** Work required **
In the data below, reproduce everything exactly except the images.

** Supplied information **

>>>

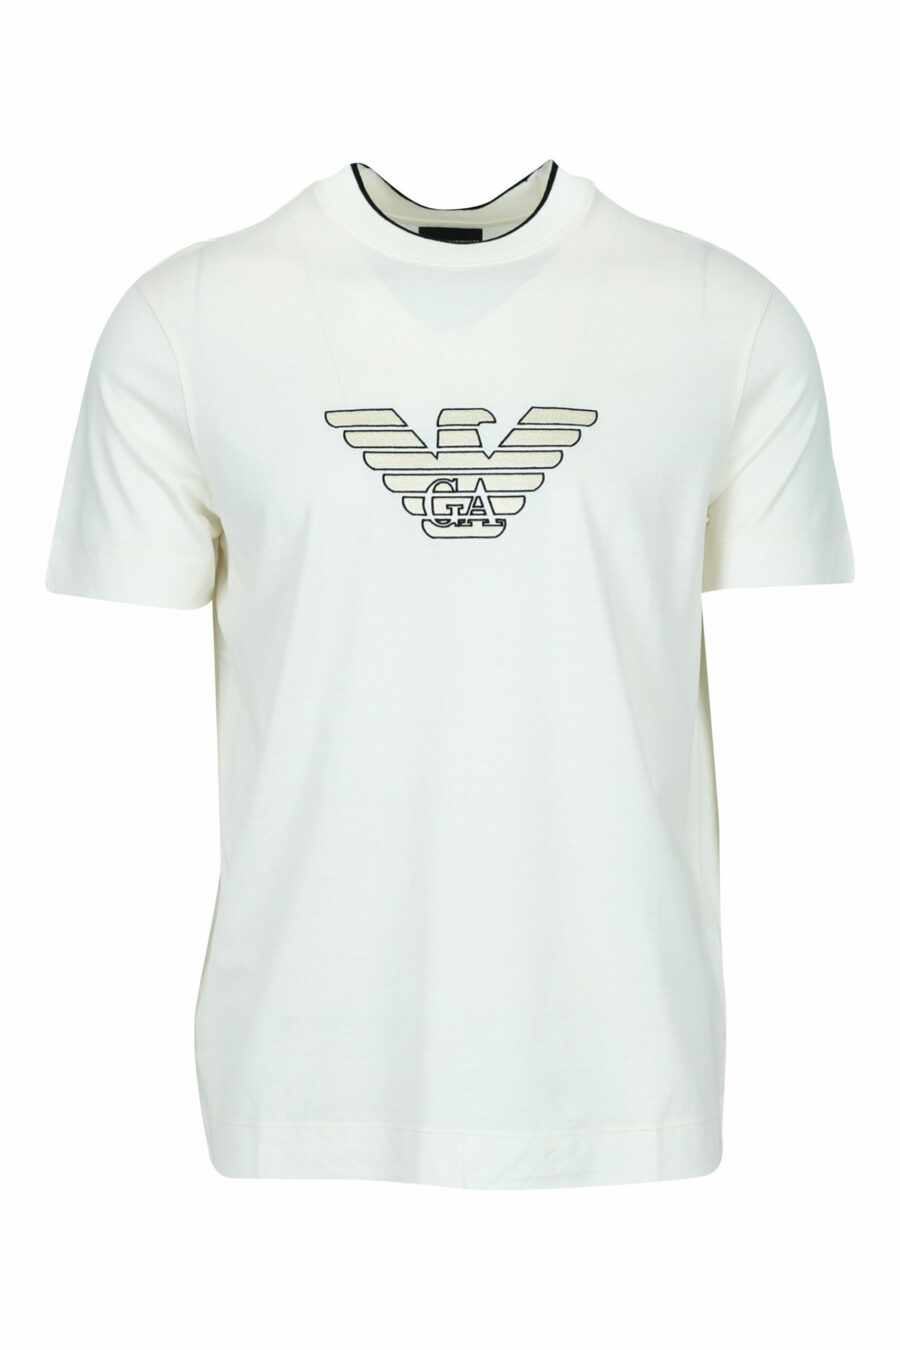 Cream-coloured T-shirt with centred eagle maxilogo - 8058947986996 scaled
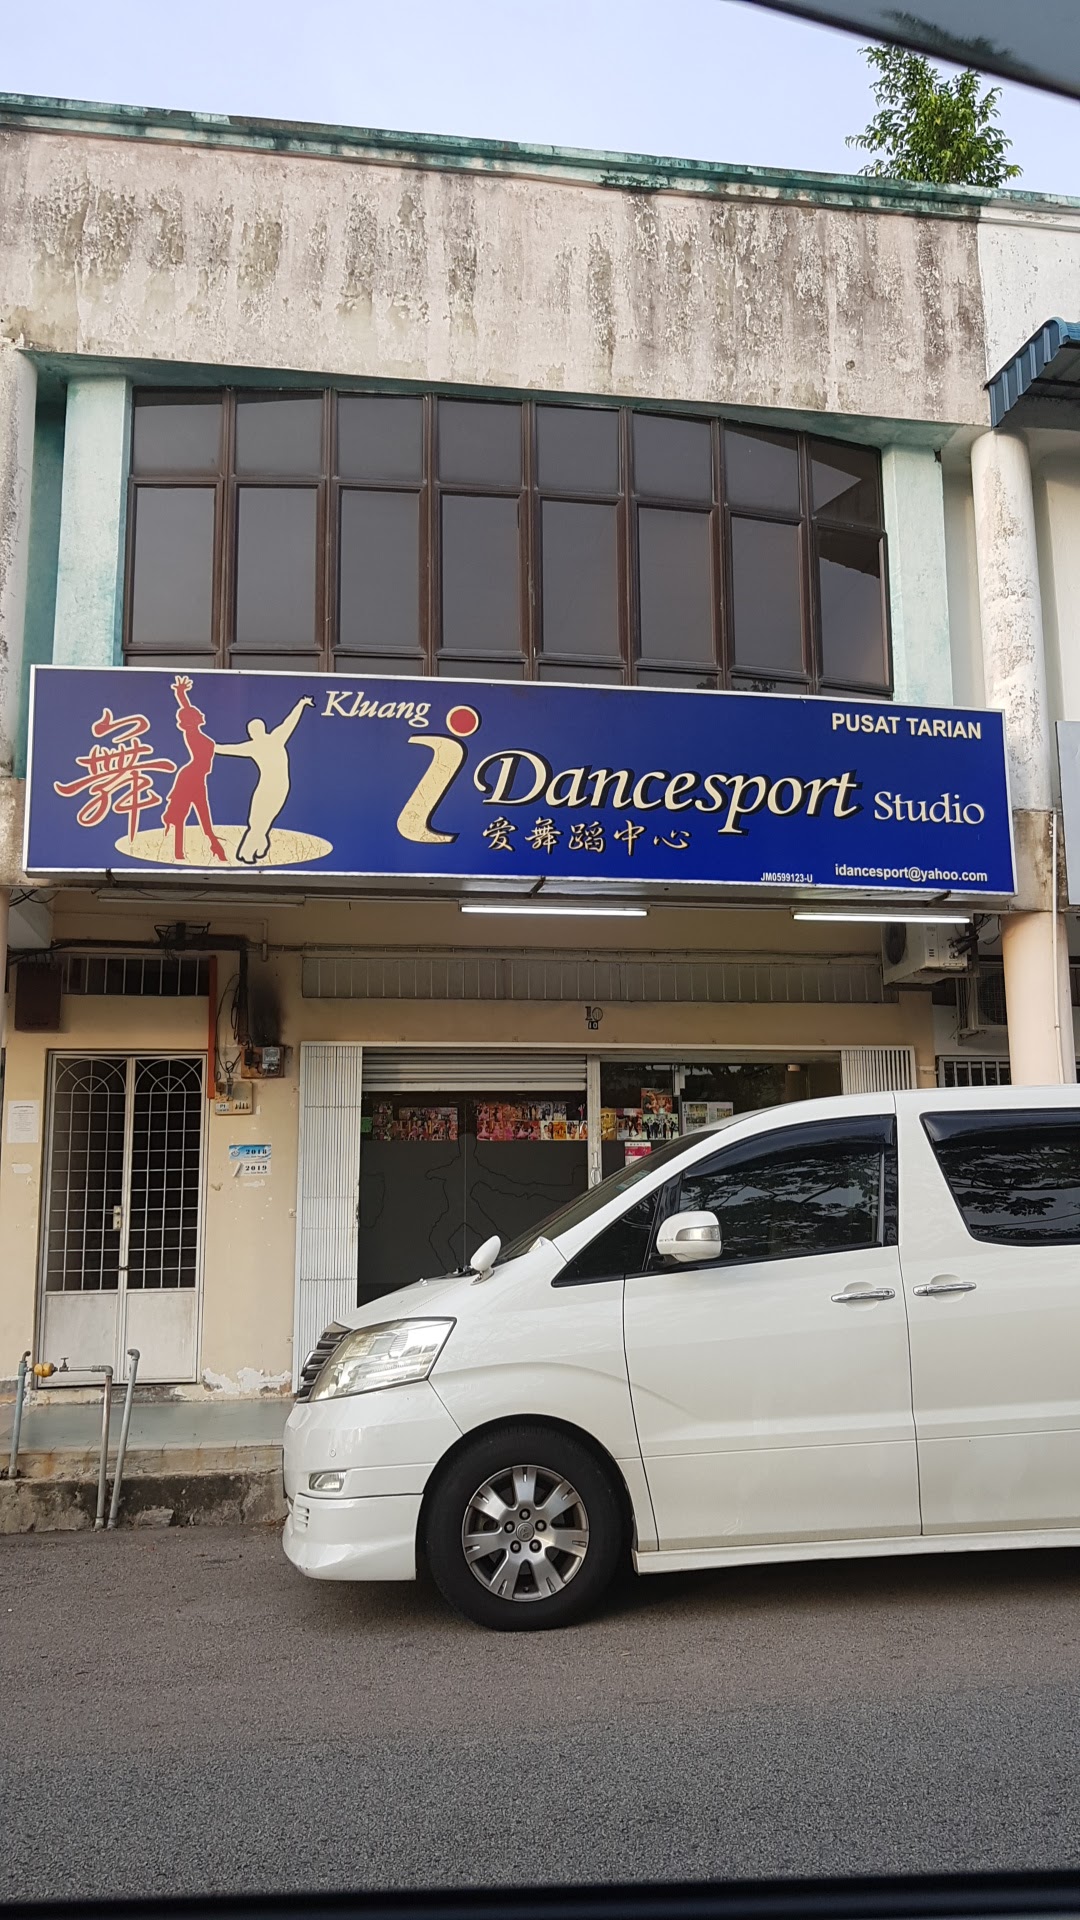 Kluang i Dance Sport Studio
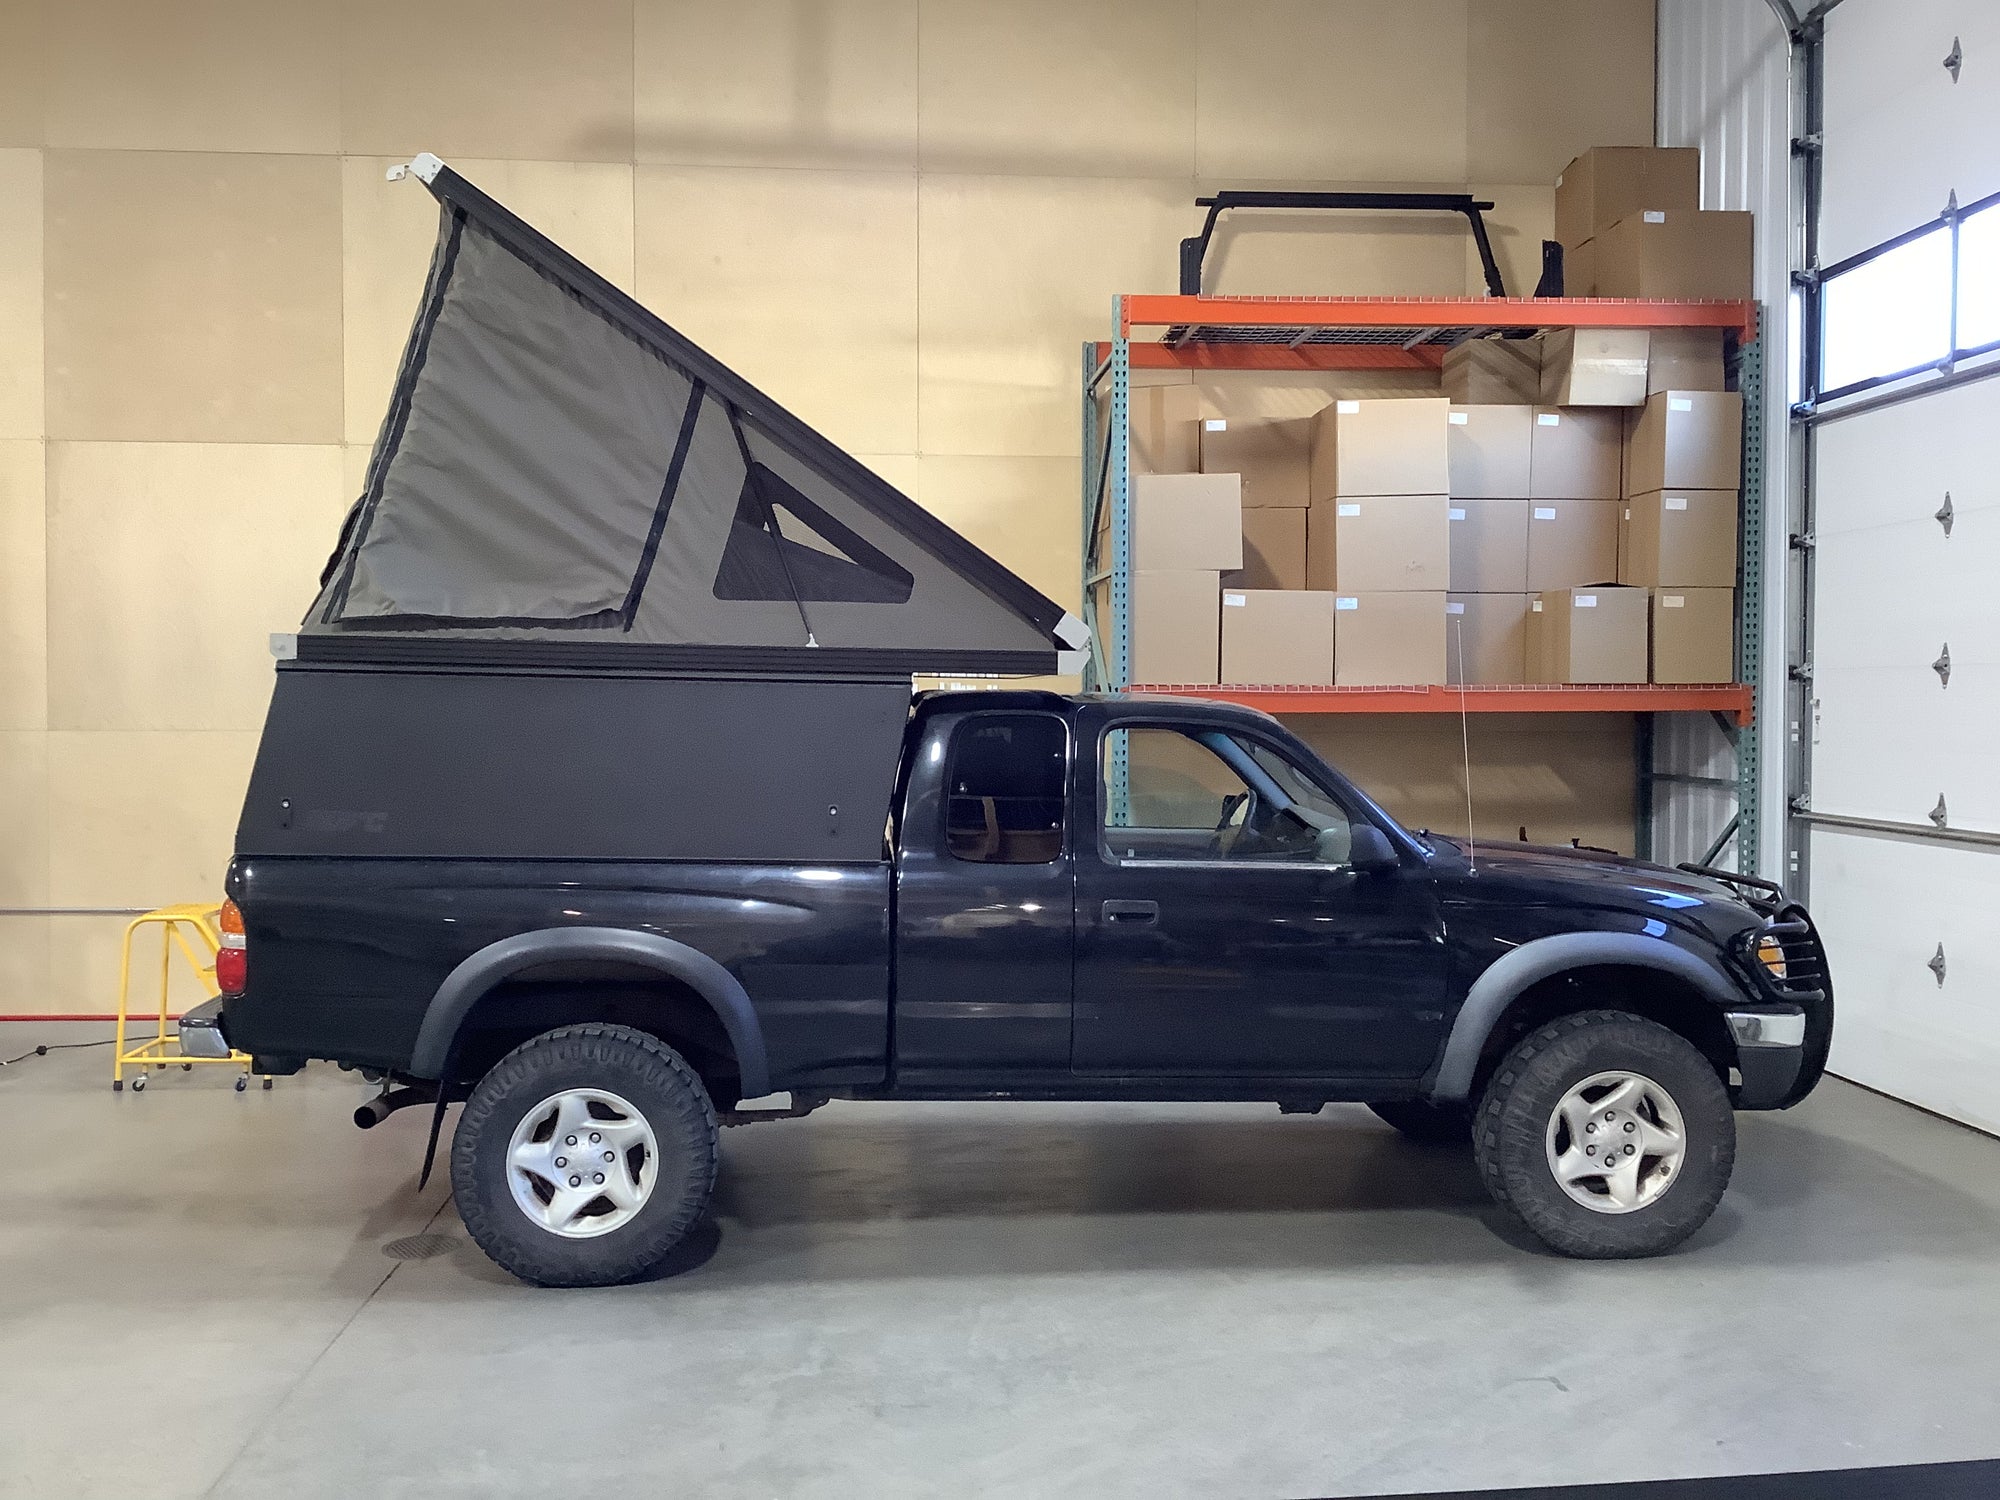 2001 Toyota Tacoma Camper - Build #3539

<<<

** Answer box **
 Cream-coloured T-shirt with centred eagle maxilogo - 8058947986996 scaled
 Kluang i Dance Sport Studio
 2001 Toyota Tacoma Camper - Build #3539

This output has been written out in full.